Тайна сия велика есть, как говорится. Во всяком случае, она надолго лишила душевного покоя того молодого человека, которому выпало воочию наблюдать описанную выше жуткую сцену.
Сдается мне, что несколько дней мой рассудок пребывал на самом краю пропасти, едва удерживаясь от падения. Но в конце концов знания, полученные мной от отца, и врожденное здравомыслие пришли мне на выручку. Я припомнил, что подобные преступления, творимые с куда бо́льшим размахом, совершались многократно на протяжении истории человеческого рода, однако вопреки этому (а порой и вследствие злодейств) цивилизация шагала вперед, и милосердие и мир обменивались поцелуем над могилами жертв кровопролития.
А потому, несмотря на мой юный возраст и житейскую неопытность, я пришел к выводу, что дикая резня являлась составной частью некоего обширного замысла Провидения и что было необходимо пожертвовать этими несчастными ради исполнения высшей воли. Разумеется, такой взгляд может показаться циничным и фаталистическим, однако нечто похожее мы видим в природе каждый день; и наверняка страдальцы обрели достойное воздаяние в лучшем мире. Иначе всякая вера, всякая религия — ложь и тлен.
Либо же этакие злодейства совершаются не по воле милосердного Провидения, а вопреки оной. Быть может, дьявол из Священного Писания, над кем мы привыкли потешаться, воистину существует и творит зло среди людей. Быть может, время от времени некий злой принцип бытия вырывается на свободу, точно могучие силы, заключенные в вулкане, и принимается сеять разрушение и смерть, покуда его не обуздают и не одолеют. Кто знает?

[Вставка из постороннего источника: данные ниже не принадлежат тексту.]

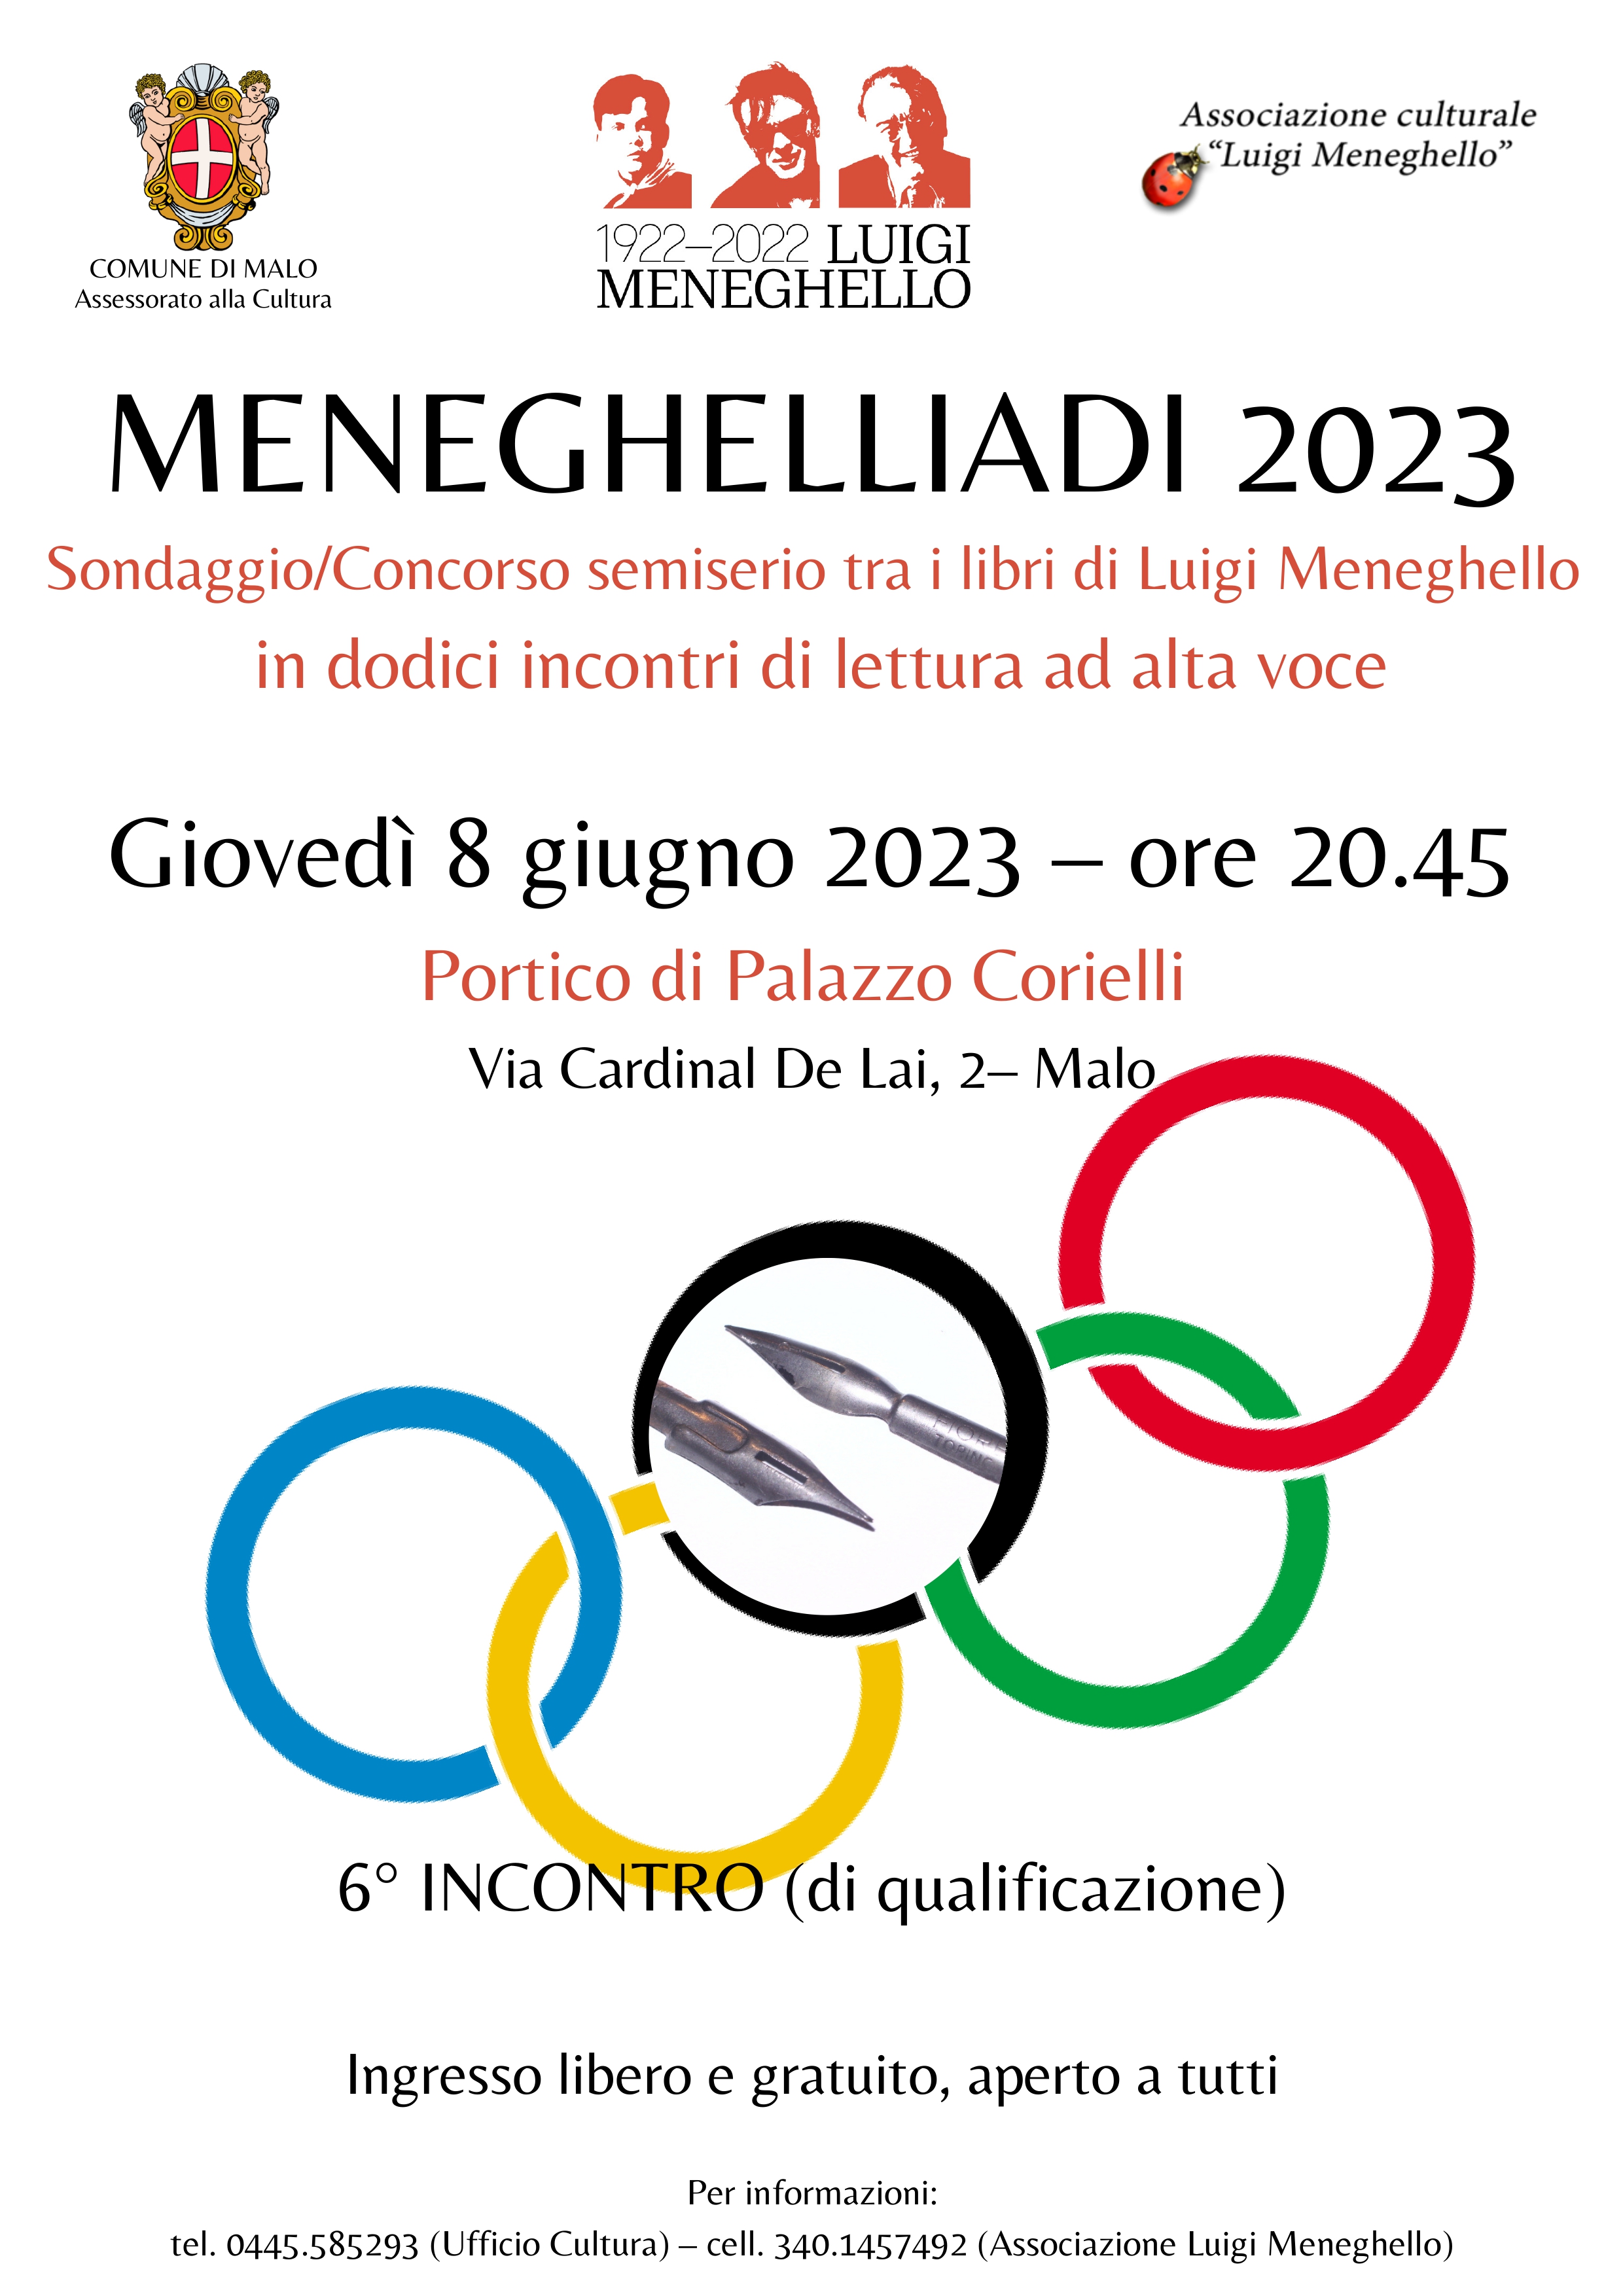 Meneghelliadi 2023. 6° incontro (di qualificazione)

Словом, этот вопрос нужно задавать архиепископу Кентерберийскому и папе в Риме, а ежели они не сойдутся во мнениях, спросить тибетского ламу. Я всего лишь пытаюсь воспроизвести мысли, которые посещали меня в те давние дни, и облечь их в слова сообразно моему нынешнему опыту. Вполне вероятно, что тогда я думал иначе, ведь с тех пор сменилось целое поколение, да и рассудительность моя созрела, будто вино в бутыли.
Помимо духовных материй, имелись насущные вопросы, каковые следовало уладить в моем неприглядном положении; прежде всего, надо было позаботиться о собственном выживании, хотя, признаюсь, тогда оно мало меня волновало. Если меня захотят прикончить, сопротивляться бесполезно. То, что я успел узнать о Дингаане, подсказывало, что он приказал убить Ретифа и других буров не из пустой прихоти. Эта расправа — лишь предвестие большого кровопролития; я нисколько не забыл, как Дингаан грозился поступить с Мари, и прочие его намеки тоже всплывали в памяти.

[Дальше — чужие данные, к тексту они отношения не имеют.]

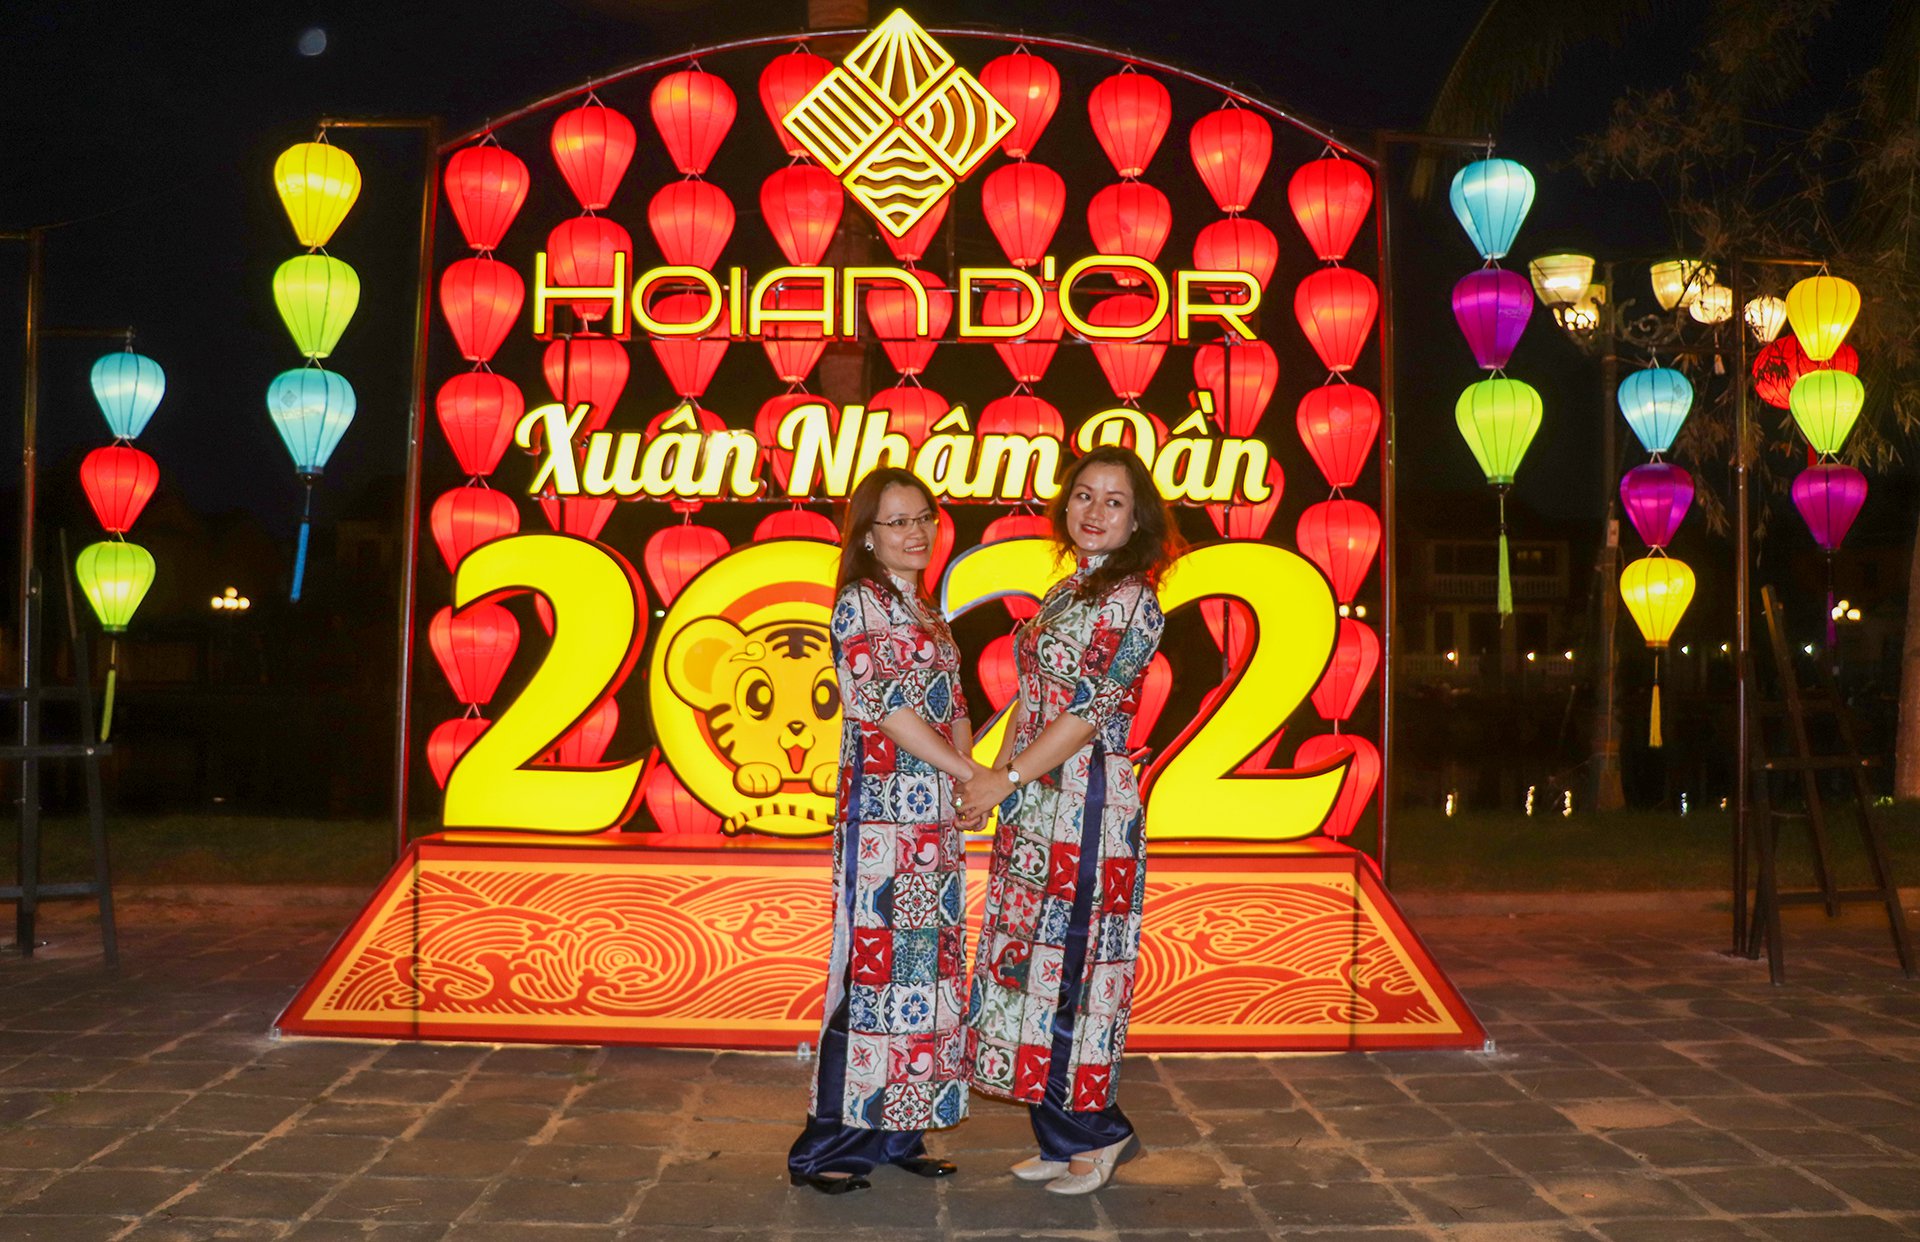 Resort o Hoi An kin phong dip tet nguyen dan anh 2  - 6 - Hội An đón lượng khách tăng đột biến dịp Tết Nguyên đán

В общем, я предположил, что кафры замышляют широкое наступление на буров и, судя по всему, намерены вырезать их до последнего человека. (Как оказалось, я был совершенно прав.) А я сижу в кафрской хижине, под присмотром молодой зулуски, и не имею возможности сбежать и предупредить товарищей! Хижина стояла на широком дворе, огороженном тростниковым плетнем пяти футов высотой. Выглядывая за ограду, будь то днем или ночью, я неизменно натыкался взглядом на часовых, замерших вдоль нее через каждые пятнадцать ярдов друг от друга. Они возвышались, словно статуи, сжимая копья в руках и не сводя глаз с плетня. Вдобавок по ночам число стражей удваивалось. Они явно караулили меня, чтобы не сбежал.

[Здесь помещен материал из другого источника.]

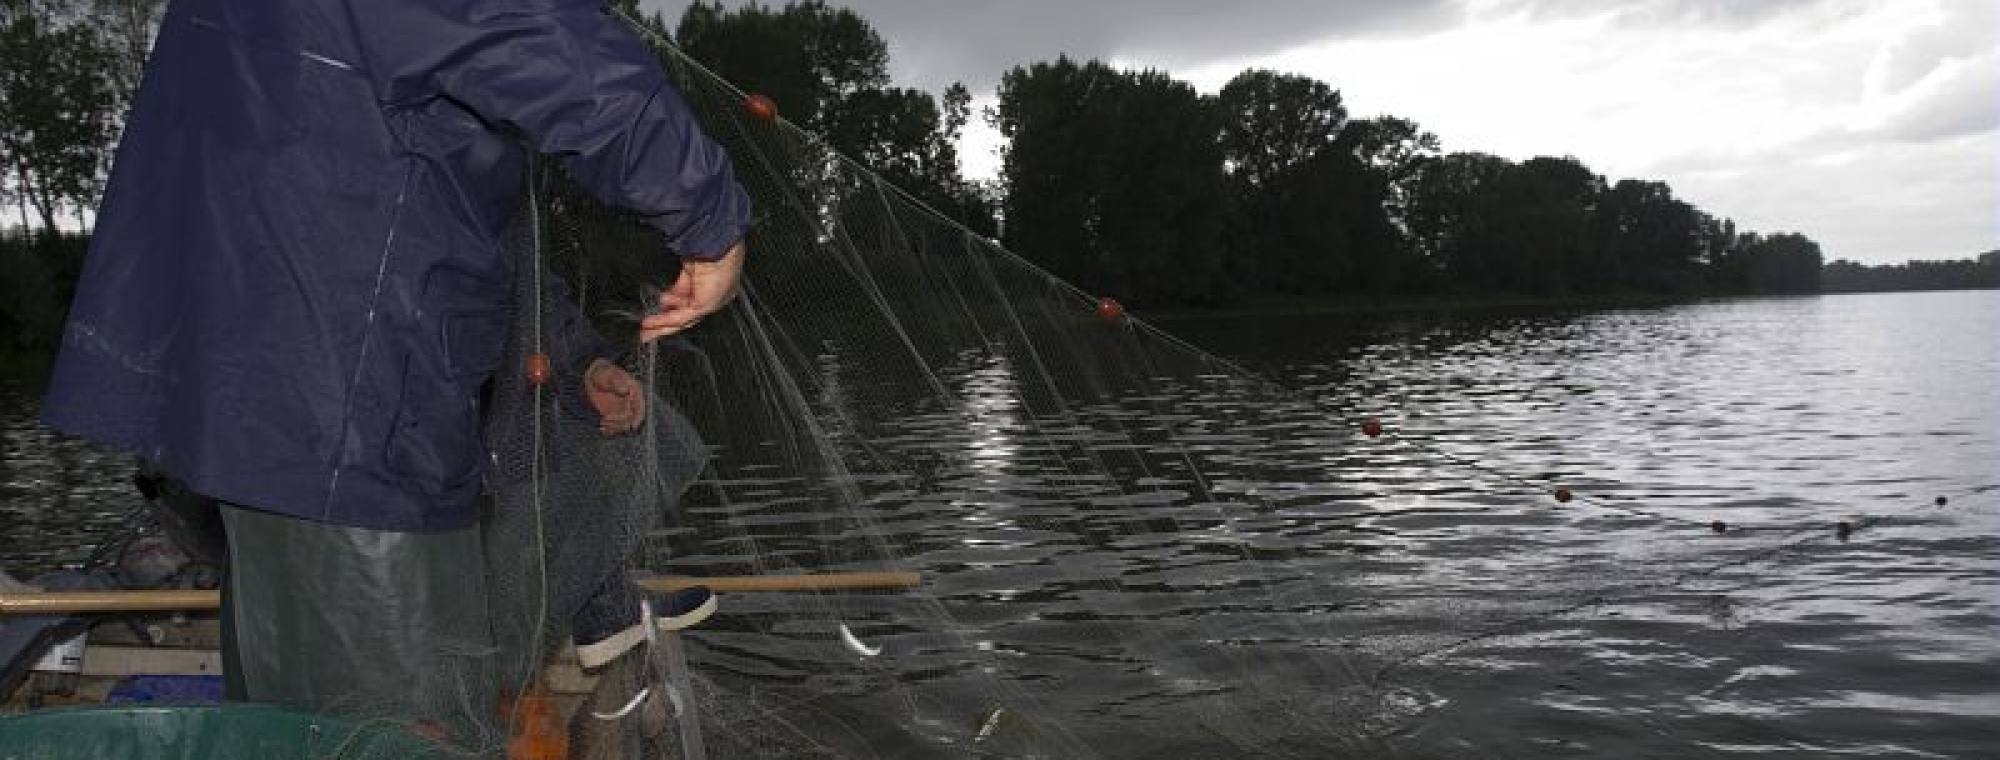 Suivi des alosons dans la Garonne en Lot-et-Garonne, LIFE alose, pêche du 18 Juillet 2011 : pêche de jour au filet araignée

Минула неделя — поверьте, она была для меня поистине невыносимой. Единственным человеком, с которым я мог перекинуться словечком, оставалась зулуска Найя. Можно сказать, мы с нею подружились и беседовали о многом. Но всякий раз, когда очередная беседа заканчивалась, я понимал, что не узнал ровным счетом ничего о том, что имело для меня первостепенную важность. Об истории зулусов и прочих племен и народов, о характере и подвигах великого вождя Чаки, о любых событиях прошлого она могла говорить часами. Однако едва я касался своего положения, она замолкала и ее словоохотливость испарялась, будто вода на раскаленном кирпиче. При этом Найя привязалась ко мне — если это не было притворством. В своей очаровательной наивности она даже предложила мне жениться на ней, прибавила, что Дингаан наверняка одобрит такой выбор — мол, он любит ее и полагает, что я могу принести пользу зулусам. Когда я ответил, что уже женат, Найя повела своими плечами, блестевшими на солнце, и, обнажив в усмешке ровные белые зубы, спросила:
— Кому есть до этого дело? Разве мужчина непременно должен иметь всего одну жену? И потом, Макумазан… — Тут она подалась вперед и пристально поглядела на меня. — Откуда тебе знать, что ты по-прежнему женат? Может, тебя успели развести или сделать вдовцом, а?
— О чем ты? — недоуменно пробормотал я.
— Да так, ни о чем. Не смотри на меня столь свирепо, Макумазан. Всякое случается на свете, сам знаешь.
— Найя, ты двуликое зло, — проговорил я. — Ты наживка и доносительница, и тебе это прекрасно известно.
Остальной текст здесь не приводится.